Bug 2: Timeout Too Short (P1)

Location: src/orchestrator_magentic.py:48

Current: timeout_seconds: float = 300.0 (5 minutes)

Problem: Multi-agent workflows with 4 agents (Search, Hypothesis, Judge, Report) and up to 10 rounds can theoretically take 60+ minutes.
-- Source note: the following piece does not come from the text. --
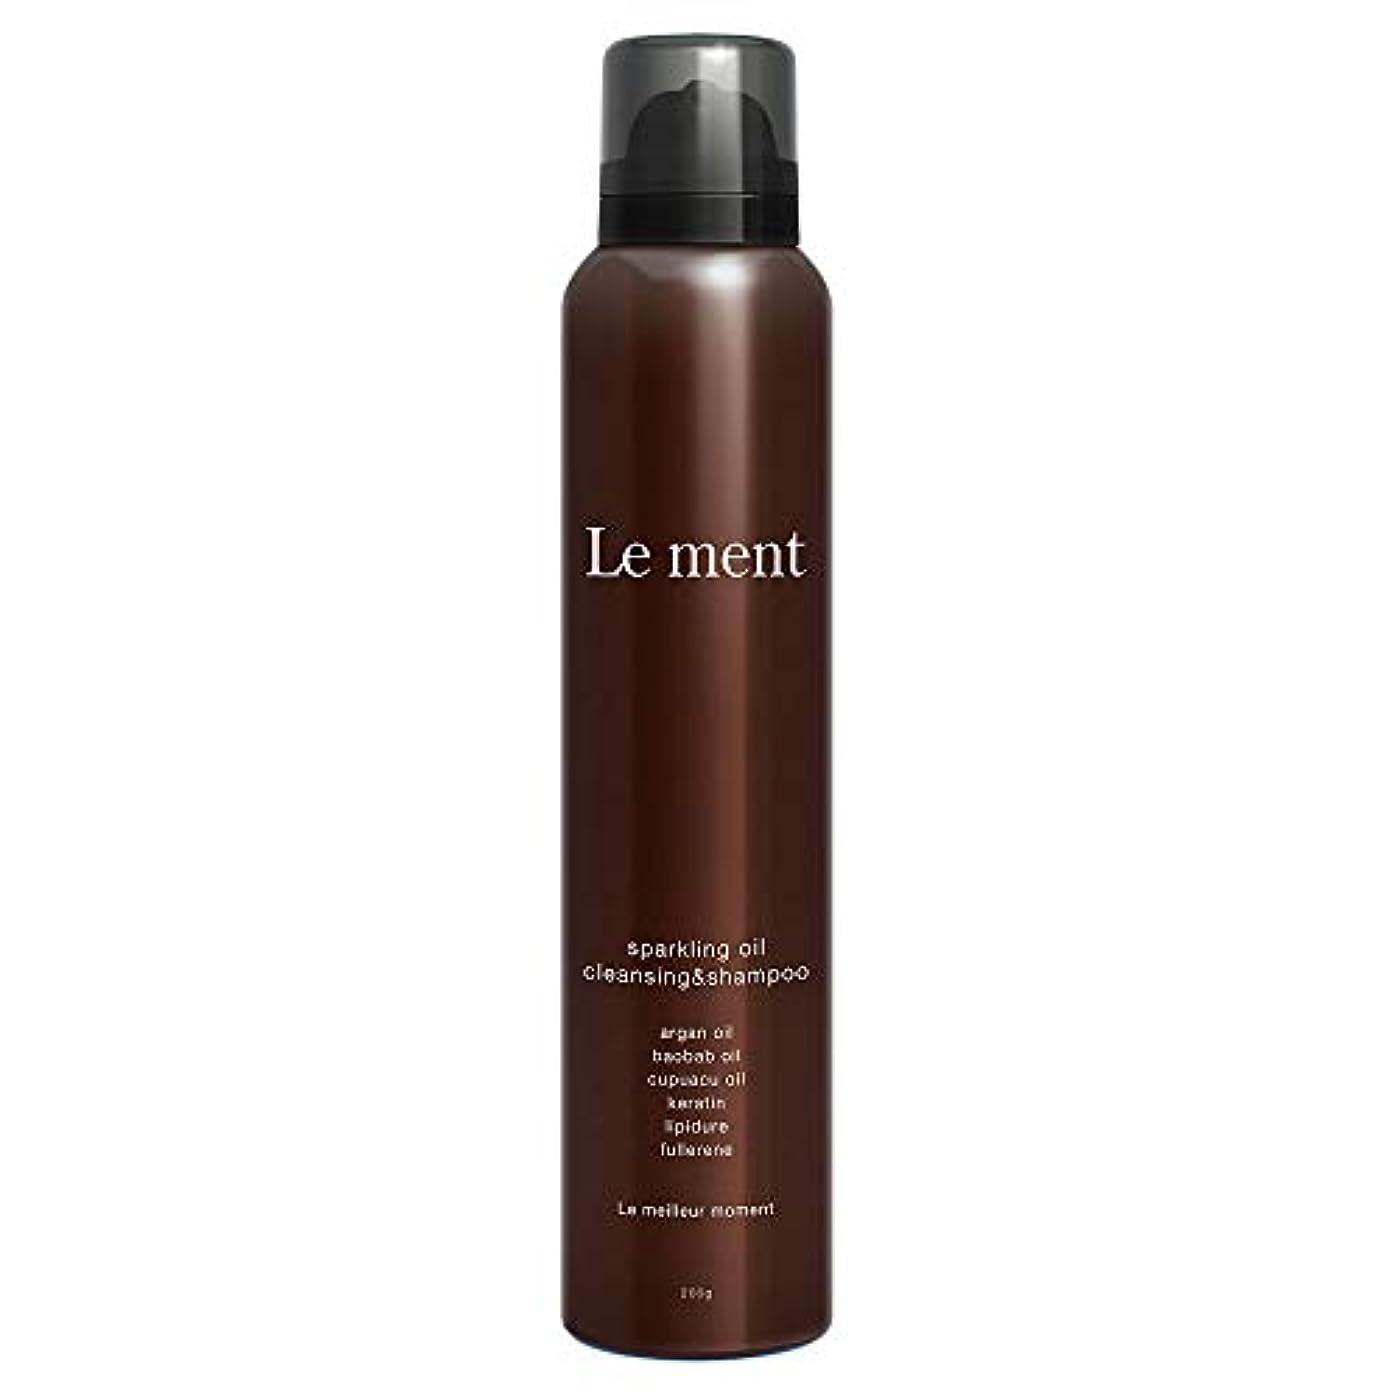 事前しないでくださいデッドLe ment -sparkling oil cleansing & shampoo -

Even typical runs take 5-10 minutes.

Analysis of Per-Agent Latency:

Agent Typical Latency Worst Case
SearchAgent 30-60s 120s (network issues)
HypothesisAgent 60-90s 180s (complex reasoning)
JudgeAgent 30-60s 120s
ReportAgent 60-120s 240s (long synthesis)

With max_rounds=10: 10 Γ— 4 Γ— 90s = 60 minutes worst case.

Bug 3: Timeout Not Configurable (P1)

Problem: The factory doesn't pass timeout config to MagenticOrchestrator.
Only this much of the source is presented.